Carlos Alberto Mijangos

Personal information
- Full name: Carlos Alberto Mijangos Castro
- Date of birth: 19 August 1951 (age 74)
- Place of birth: Guatemala City, Guatemala
- Position: Midfielder

Senior career*
- Years: Team / Apps / (Gls)
- 1969–1974: Juventud Retalteca
- 1974–1975: Zacapa
- 1975–1978: Platense
- 1978–1979: Chalatenango
- 1979–1982: Municipal /  / (21)
- 1982–1984: Motagua
- 1984–1986: Xelajú
- 1987–1988: Tulsa Roughnecks
- 1988–1990: Cobán Imperial

International career
- Guatemala / 5 / (?)

Managerial career
- 1998: Aurora
- 2004: Tipografía Nacional
- 2005: Chalatenango
- 2006: Deportivo San Pedro
- 2010: Atlético Balboa
- 2010: Águila
- 2012–2013: Juventud Retalteca^{[citation needed]}
- 2013: Deportivo Reu
- 2017: Chalatenango

= Carlos Alberto Mijangos =

Guatemalan footballer

Carlos Alberto Mijangos Castro (born 19 August 1951) is a Guatemalan professional former footballer and manager.

==Club career==
Nicknamed "El Comanche", Mijangos played for locals sides Juventud Retalteca, Club Xelajú MC, Deportivo Zacapa, C.S.D. Municipal and Cobán Imperial.

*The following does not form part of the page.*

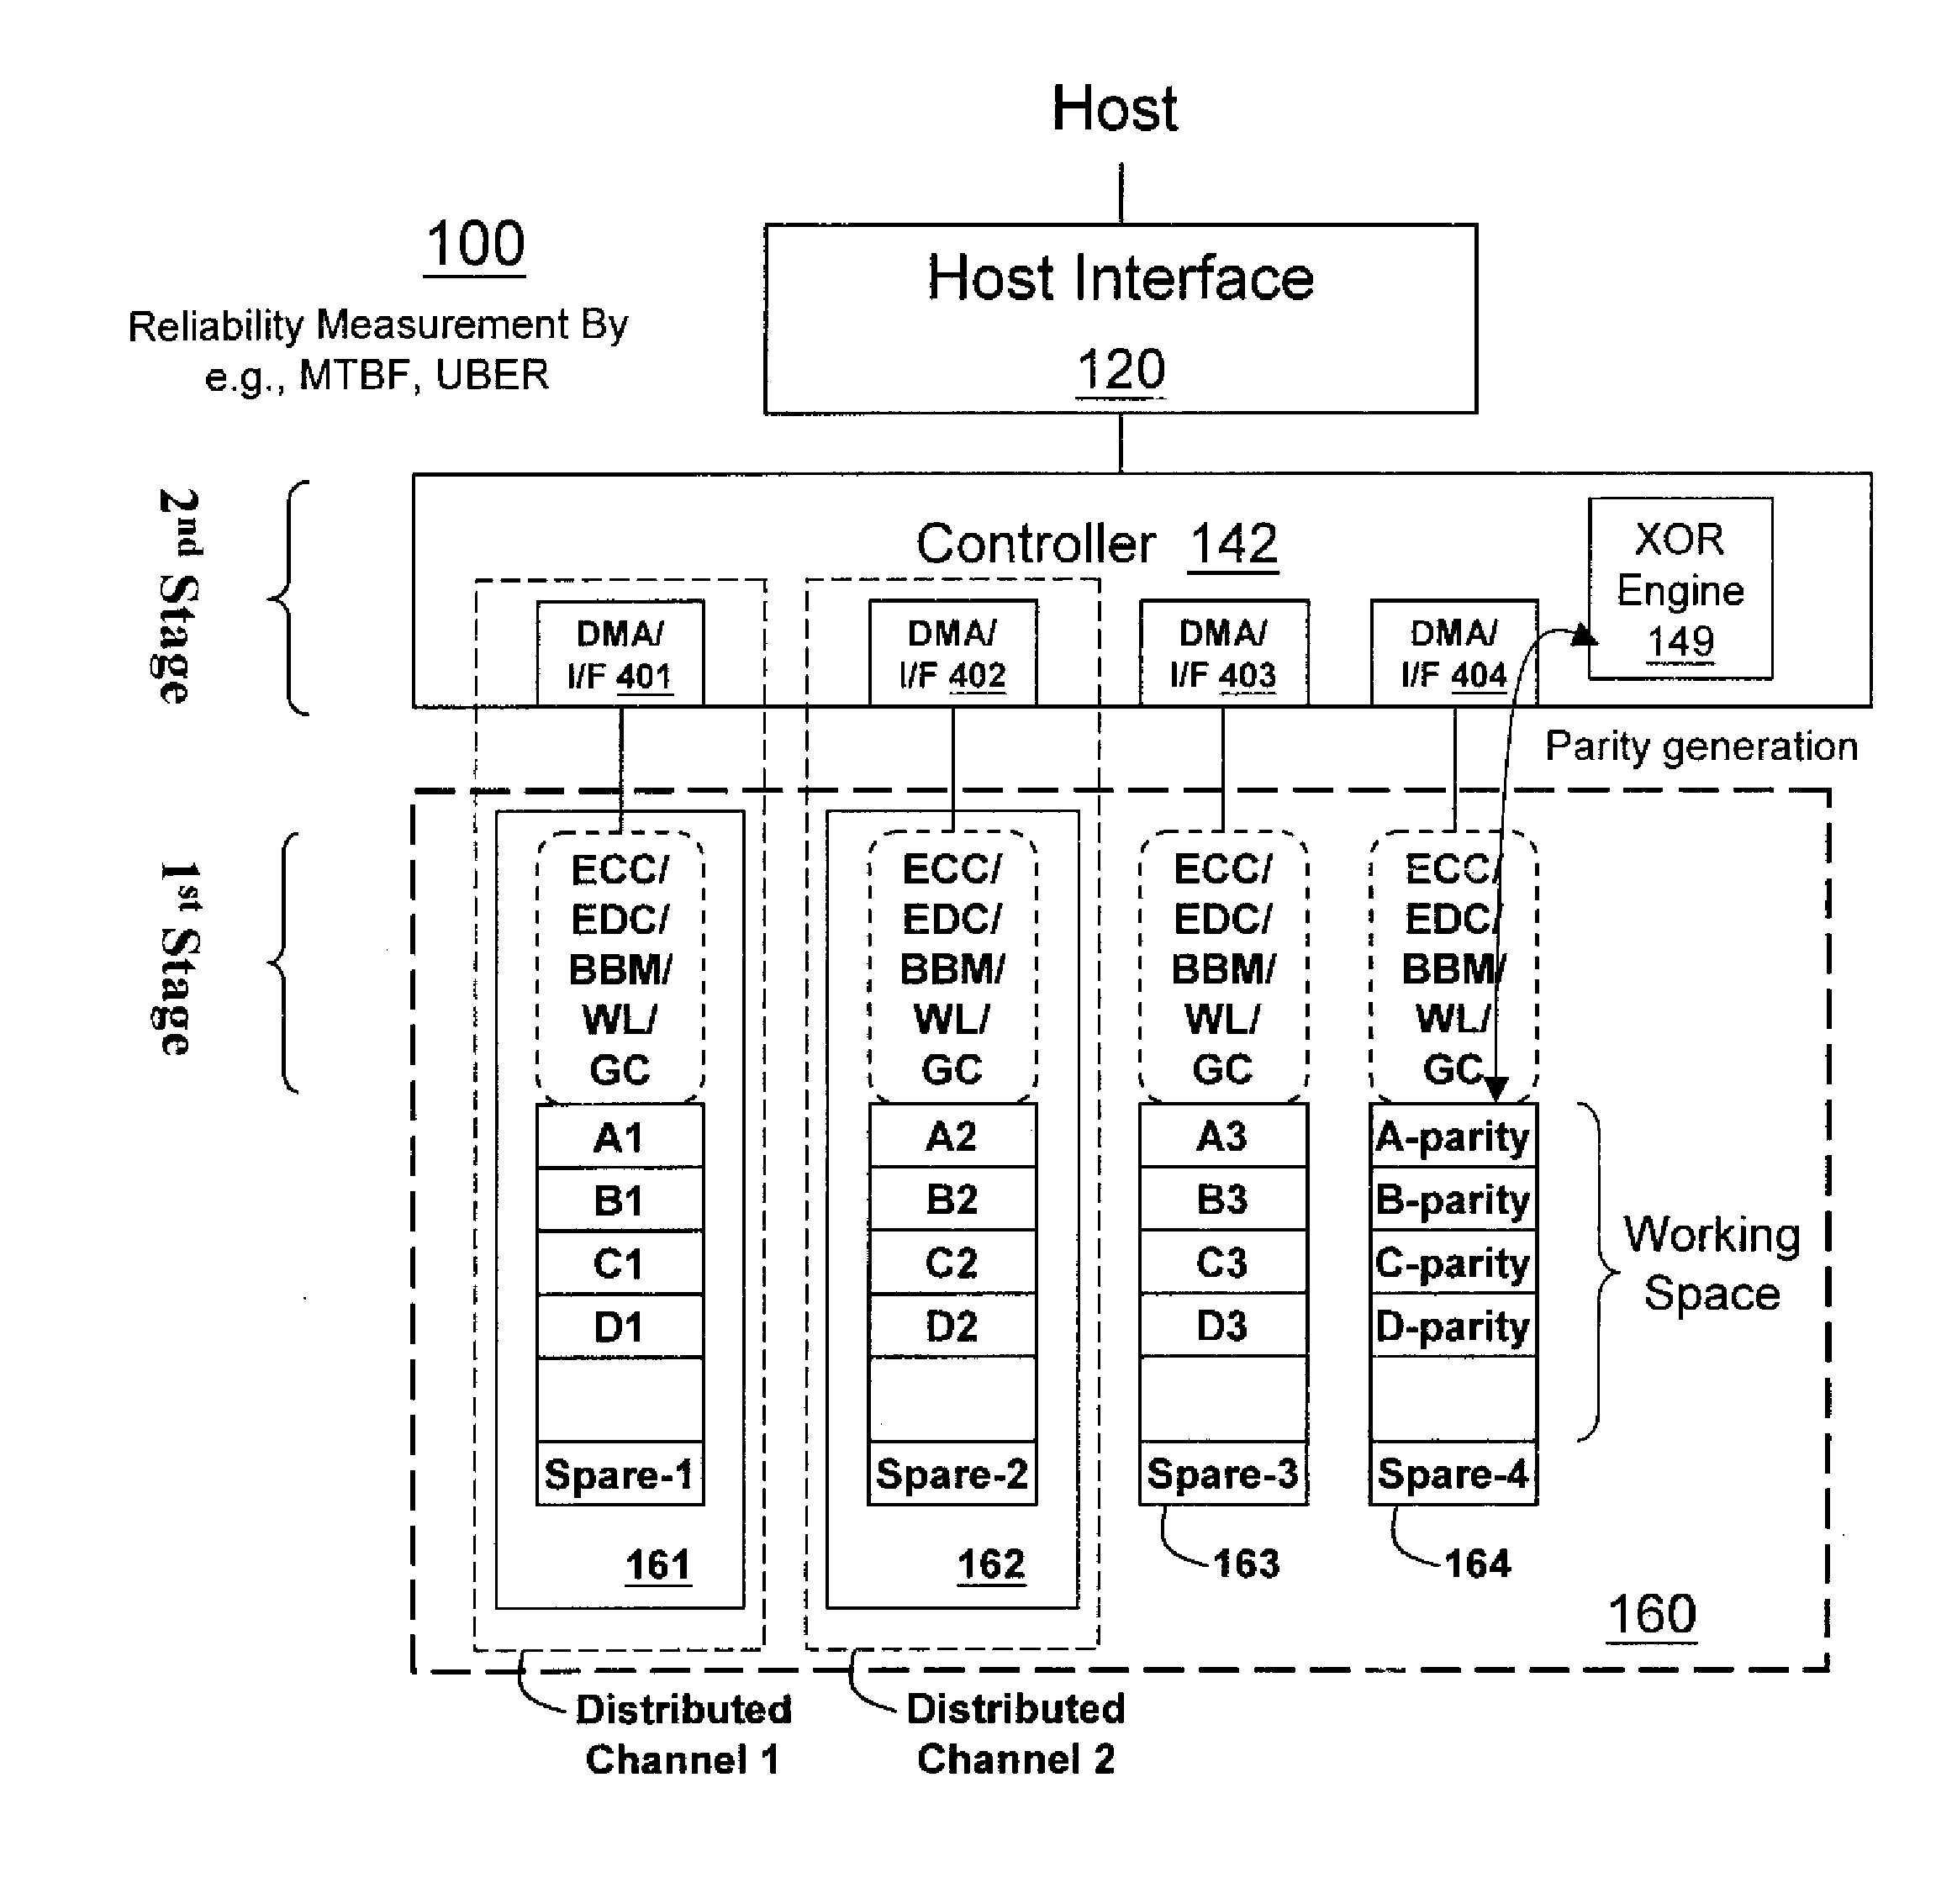 Non-volatile memory data storage system with reliability management

He also played in the 1970s in El Salvador for Platense and Chalatenango, and won promotion with the latter to the Primera División de Fútbol de El Salvador in 1979.

In Honduras he played for F.C. Motagua and in the United States for Tulsa Roughnecks.

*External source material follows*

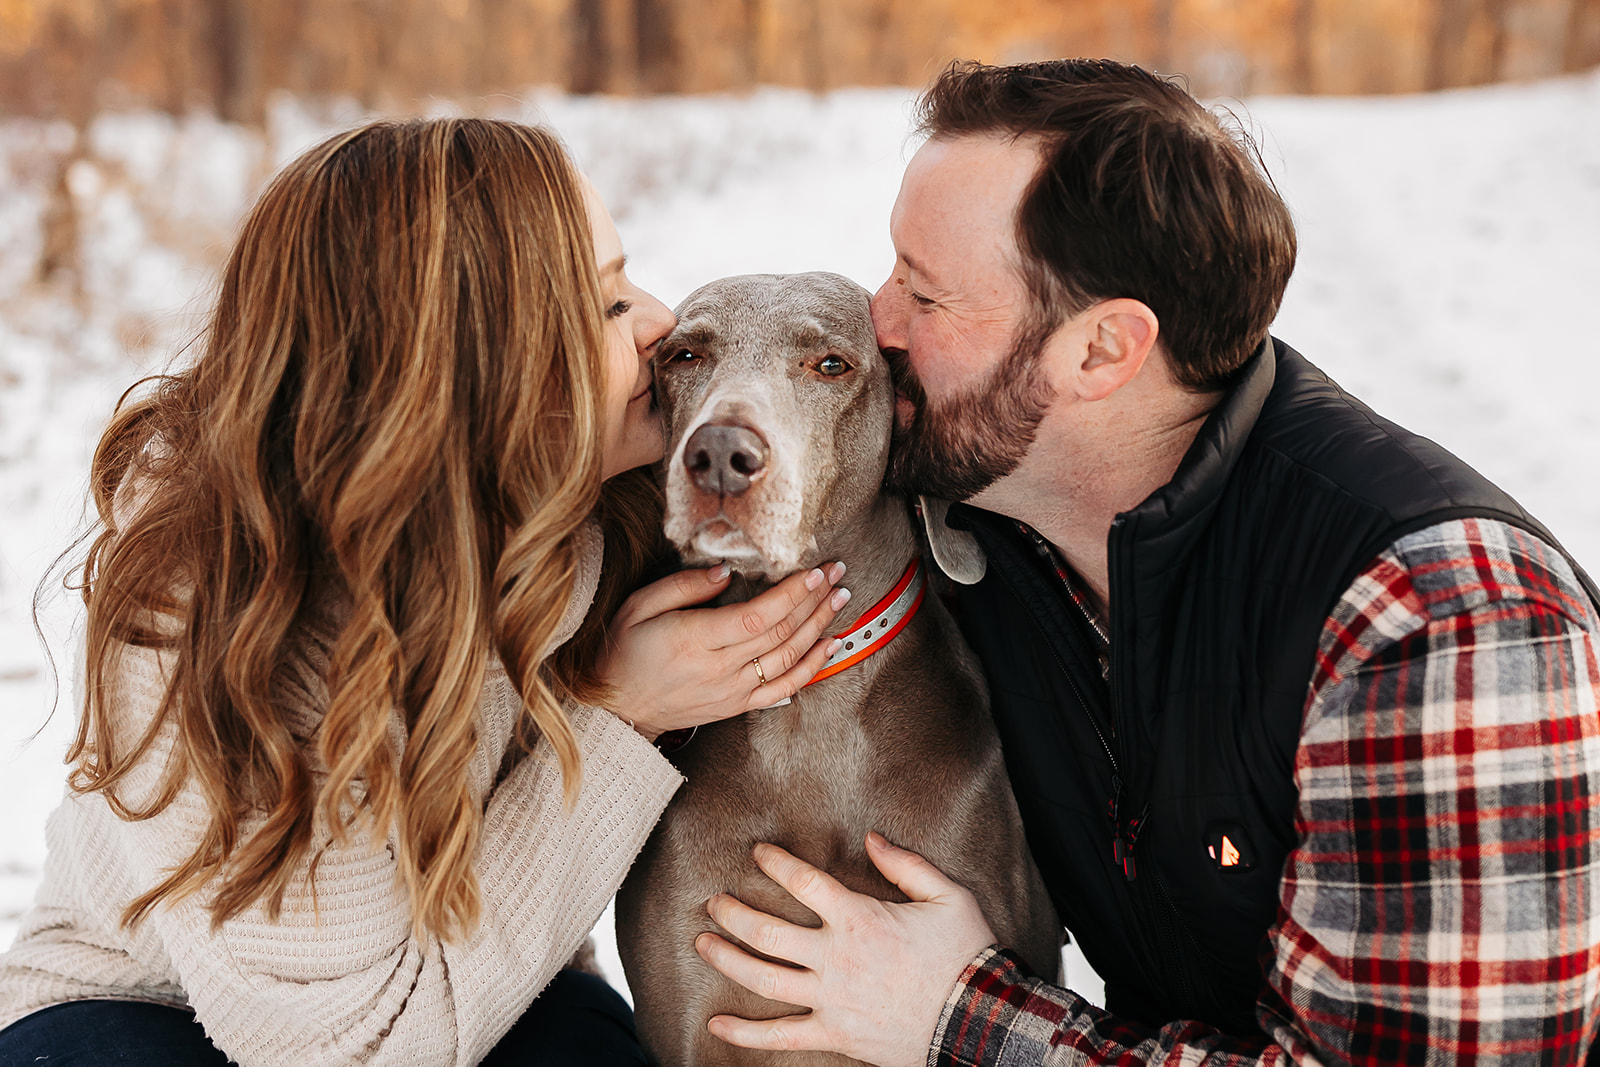 Man and woman kissing their dog which is between them in the snow.

In 1982, he almost lost a leg due to infection.

==Managerial career==
After retiring, Mijangos went into management and managed Aurora, Escuintla, Xelajú, Juventud Retalteca, Sacachispas, Coatepeque, Ayutla, C.D. Jalapa, Chimaltenango, San Marcos, Universidad, Deportivo Malacateco and Rosario.

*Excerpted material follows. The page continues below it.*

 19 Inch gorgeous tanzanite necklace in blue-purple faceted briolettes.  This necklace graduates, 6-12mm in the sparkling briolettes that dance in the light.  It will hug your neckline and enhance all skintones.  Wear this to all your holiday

In 2004, he was in charge of Tipografía Nacional in Guatemala's third division.

He then returned in 2005 to El Salvador to coach Chalatenango where he was dismissed in September 2005 and later became in charge of Guatemala Second Division side Deportivo San Pedro.

In December 2009 joined Atlético Balboa.

In 2017, he returned to Chalatenango, but, problems with the team's directive caused that Mijangos was not confirmed until 8 April.